If an attacker can construct a block that blocks a prover for ten minutes, then it is not enough to prove a regular Ethereum block in only 4 seconds. The required EVM changes can be roughly divided into the following categories:
Changes in gas cost – If an operation takes a long time to prove, even if its computation speed is relatively fast, it should have a high gas cost. EIP-7667 is an EIP proposed to address this most serious issue: it significantly increases the gas cost of (traditional) hash functions because the opcodes and precompiles of these functions are relatively cheap. To compensate for the increased gas cost, we can reduce the gas cost of EVM opcodes that have relatively low proof costs, thus maintaining the average throughput.
Data structure replacement – In addition to replacing the state tree with a STARK-friendly method, we also need to replace the transaction list, receipt tree, and other costly structures. Moving the transaction and receipt structures to EIP SSZ is a step in this direction, as done by Etan Kissling.
In addition, the two tools mentioned in the previous section (multivariate gas and delayed state root) can also help in this regard.
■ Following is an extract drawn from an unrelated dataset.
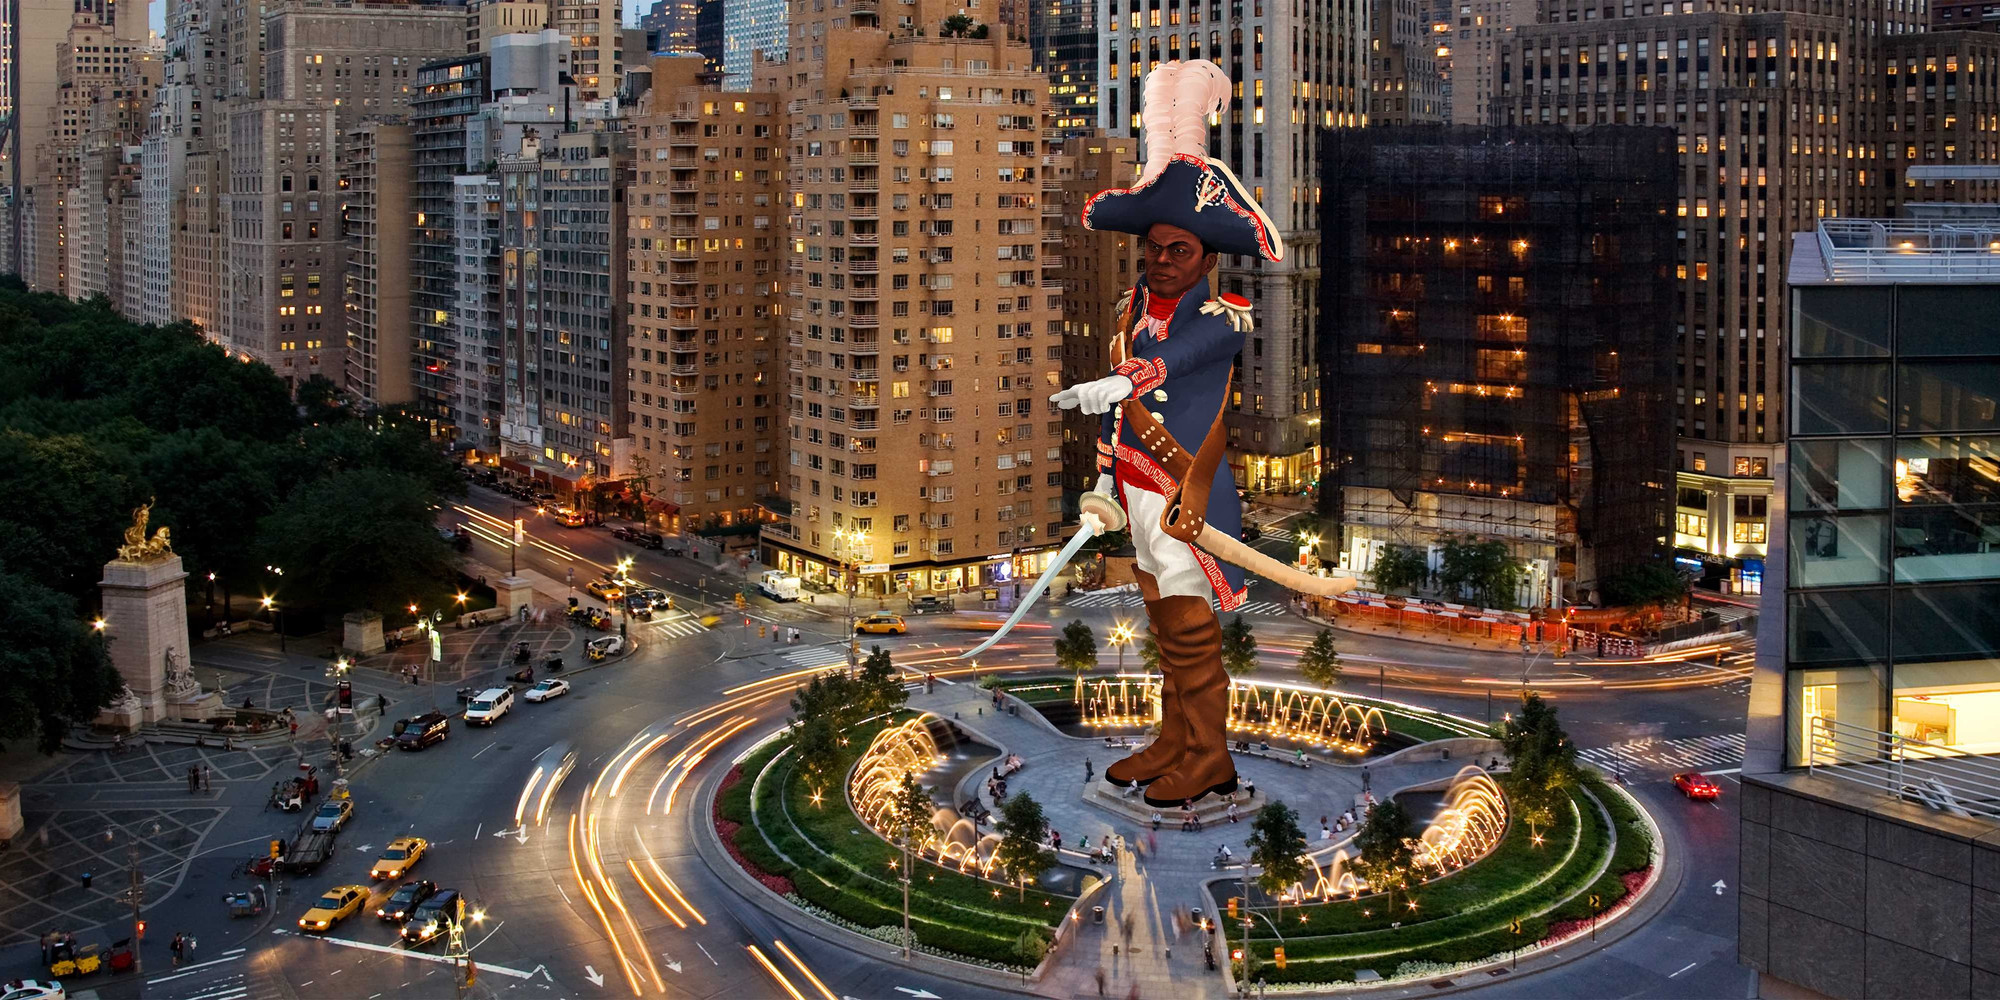 Kinfolk. The Monuments Project. 2022. Proposal for an augmented-reality monument in honor of General Toussaint Louverture on Columbus Circle. Courtesy Kinfolk

However, it is worth noting that, unlike stateless validation, using these two tools means that we already have enough technology to do what we need to do at the moment, and even with these technologies, the complete ZK-EVM validation requires more work – just less work is needed.
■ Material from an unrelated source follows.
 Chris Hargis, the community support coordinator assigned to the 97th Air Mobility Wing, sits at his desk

One point not mentioned in the previous section is the hardware of the prover: using GPUs, FPGAs, and ASICs to generate proofs faster. Fabric Cryptography, Cysic, and Accseal are three companies making progress in this area. This is very valuable for L2, but it is unlikely to be a decisive factor for L1, as people strongly want L1 to remain highly decentralized, which means that proof generation must be within a reasonable range for Ethereum users and not limited by the bottleneck of a single company’s hardware. L2 can make more positive trade-offs.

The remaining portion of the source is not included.